In this study, we identified 88 ML-signature from almost 400 genes associated with cancer progression. These ICI-benefits related ML-signature primarily enriched in immune-related signaling pathways. Immune cells and immune cytokines in the tumor microenvironment are important during cancer development, and their biological functions change dynamically with tumor progression. In addition, these ML-signature also show decreasing transduction-related signaling pathways. Signal transduction pathways involve each stage of cancer cells, from stem cells to advanced cancer cells, including proliferation, metabolism, cell cycle, DNA repair, apoptosis, differentiation, tumor extracellular matrix remodeling, angiogenesis and metastasis (28, 29). Notably, there was no significance in metabolism, DNA repair, apoptosis or other inflammatory signaling pathways. Generally, inflammation-related signaling pathways show the transduction from pro-inflammation to anti-inflammation along with tumor evolution (30). Therefore, the complex transformation of these 88 ICI-benefits related ML-signature needs further exploration. We also observed that the distributions of more than one mutation population were similar in both immunotherapy and chemotherapy groups, which indicated that patients in the chemotherapy cohort also have potential benefits from ML-signature.

Recent evidence has shown high TMB to be associated with improved clinical outcomes from ICI in multiple cancer types (31). However, TMB as a predictive biomarker for immunotherapy remains difficult to implement because tumor heterogeneity may add to the complexity of TMB analysis and lead to misestimation of the reliability of TMB prediction for immunotherapy. In this study, we hypothesized that mutations in certain genes associated with immunotherapy efficacy rather than serving as sources of roughly TMB estimation might better predict NSCLC response to ICI therapy. With the utility of ICI-benefit score developed by machine learning, we demonstrated that ML-signature provides better efficacy prediction than TMB in patients treated with immunotherapy. More mutations represent favorable survival in the immunotherapy cohort, which is consistent with the consensus that the increasing number of mutations were processed to neo-antigens and presented by major histocompatibility complex (MHC) proteins to T lymphocytes, immune-system eliminated neo-antigens (32–34). However, cancer cells impaired the activities of T lymphocytes and achieved immune escape (35). Immunotherapies blocked immune checkpoints in a targeted manner and reduced and/or re-activated T lymphocytes (36, 37).

Our ML-signature recognized the patients most likely to benefit (longer survival time and higher objective response rate) from immunotherapy. We demonstrated that immunotherapy is not suitable for all patients. Compared with immunotherapy, ICI-non-benefit patients can gain a longer survival time from chemotherapy, which can be interpreted as immune-related adverse events (irAEs). The detailed mechanisms of irAEs are still unclear. Presented mechanisms include activated T lymphocytes attacking health issues, increasing levels of autoantibodies, and inflammatory cytokines (38, 39). Although the immune checkpoint blockade is generally regarded as a tolerable treatment (40), the long-term influence of immunotherapy should be further explored.

To further validate the value of our ML-signature, we conducted survival analyses with two external NSCLC cohorts with WES data covering the overall 88 genes of ML-signature. This result validates the consistency of the internal cohort of our main result, notably the predictive effect of the ML-signature having better survival stratification than TMB, indicating that the prediction model was steady and accurate as the predictive tool for patient selection for immunotherapy. Additionally, we used the MSK-IMPACT dataset to authenticate the ML-signature, which involved more than four hundred genes and possessed the highest degree of dissemination (41). Only 58/88 genes from our ML-signature can be detected in the MSK-IMPACT dataset; similar to the above-mentioned external validation, and these 58 genes also displayed favorable stratified performance, and ML-signature can further divide into TMB high and low subgroups. To sum up, the application of these 88 genes from our ML-signature covered large-scale commercial targeted panels.

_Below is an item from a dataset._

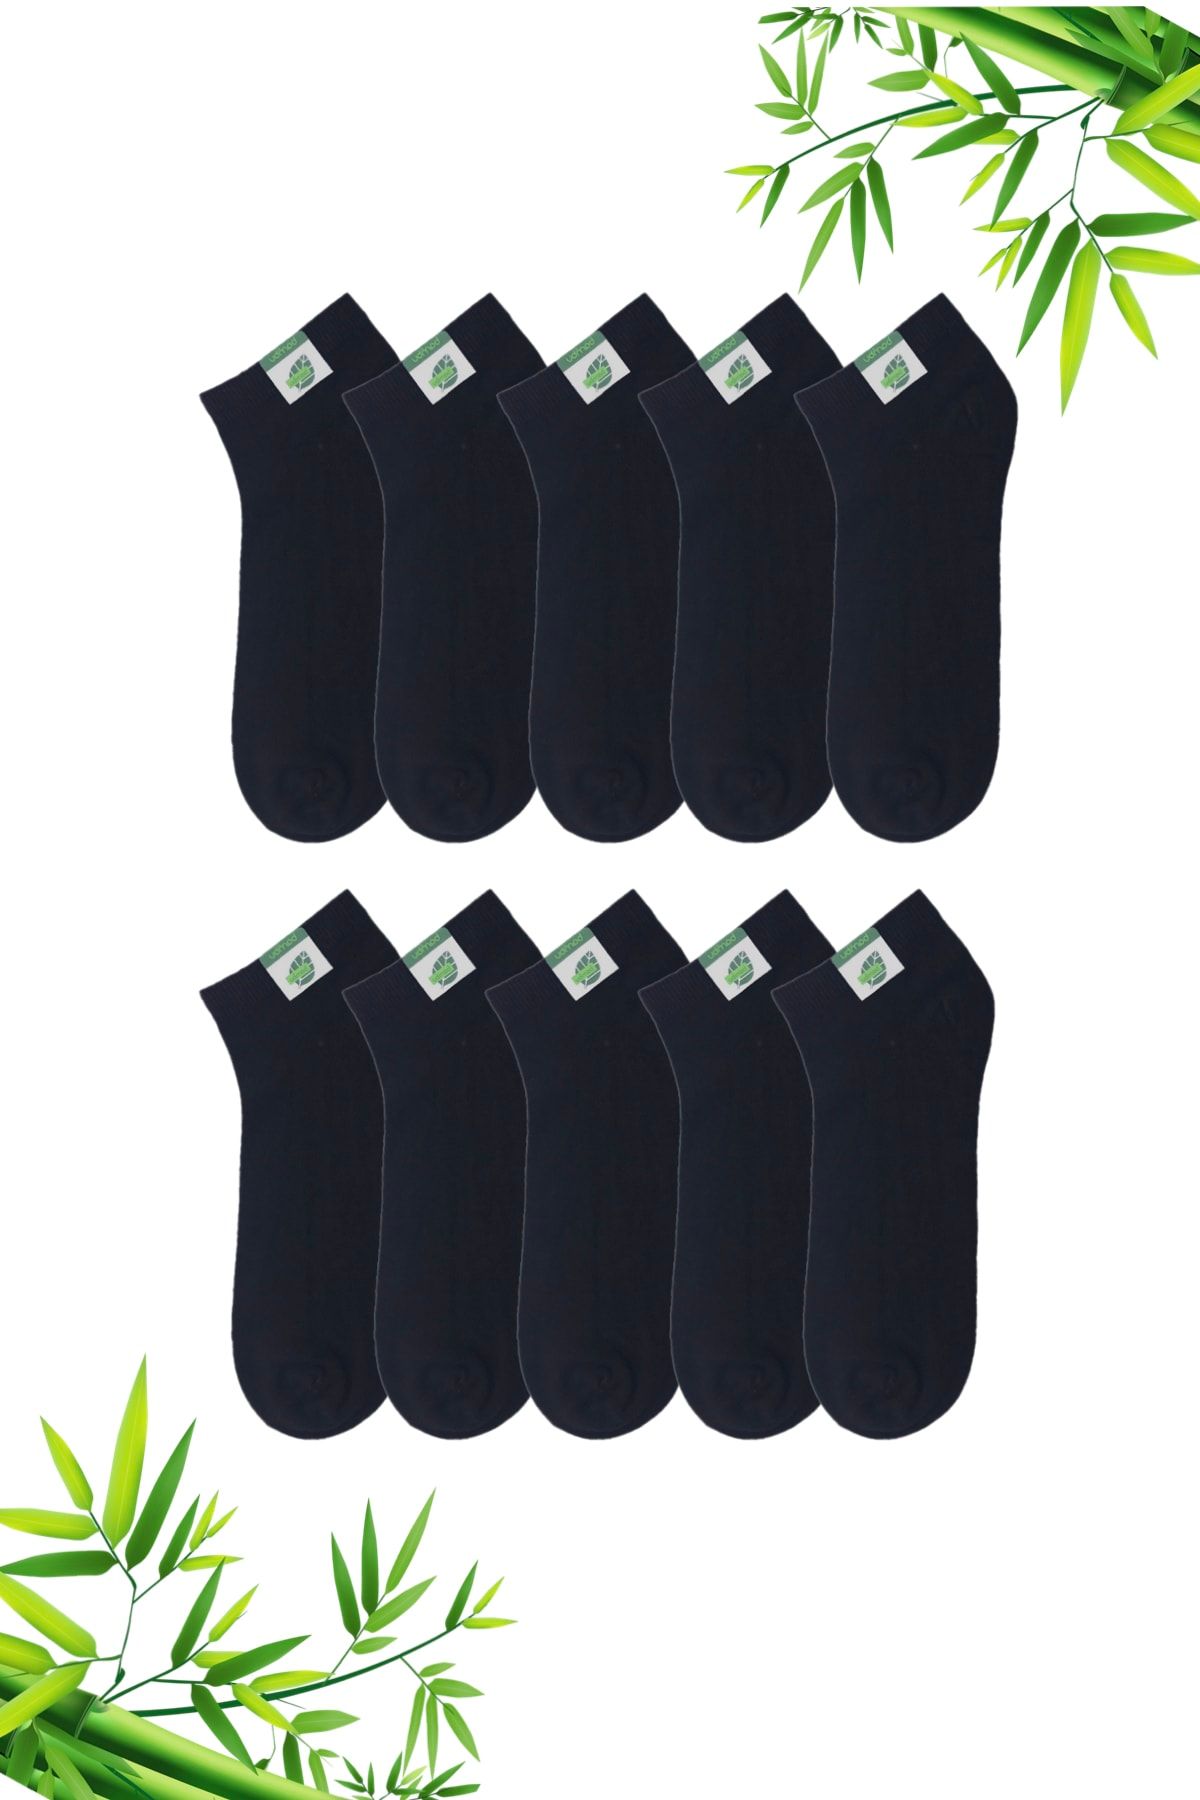 GezBros 10 Çift Erkek Siyah Bambu Patik Kısa Çorap

Gene mutations have also shown a crucial role in tumor heterogeneity, and the distribution of mutations represents sub-clonal status, which may compromise the efficacy of immunotherapy. The ratio of allele frequency to maximum somatic allele frequency (AF/MSAF) has also been used to represent allele frequency heterogeneity (AFH), and AFH was recognized as the negative factor of prognosis (42). To address the problems of traditional TMB in advanced patients, including insufficient tumor tissues and substandard specimens, blood-based tumor mutational burden (bTMB) emerged for clinical requirements. Dong P et al. filtered 52 candidate genes based on the Cox proportional-hazards model and demonstrated that the 52-gene panel was superior to original TMB-H (TMB ≥10) in estimating clinical benefits for ICI therapy in NSCLC patients (43). Our teams previously reported that modified bTMB had favorable performances in estimating clinical benefits from immunotherapy (44). The special characteristics of ML-signature and modified bTMB should be compared through an additional cohort. These TMB-related studies have attempted to filter genes that predict immunotherapy benefits to calculate precise TMB, and the performance of precedent models needs further improvement. Though the performance of ML-signature does not work perfectly, it showed significant progress compared to existing models (Figure S4) and showed sound stratification capacity. In addition, the expression level of PD-L1 is also considered to be an impartial factor in the clinical decision. We also compared ML-signature and PD-L1 level, and ML-signature showed a favorable predictive performance. We observed that only high levels of PD-L1 (TC>50% or IC>10%) had predictive value, and the ROC curves plot indicated high values for ML-signature (AUC = 0.711) but low values for PD-L1 (AUC = 0.667). Other details are shown in Figure S5.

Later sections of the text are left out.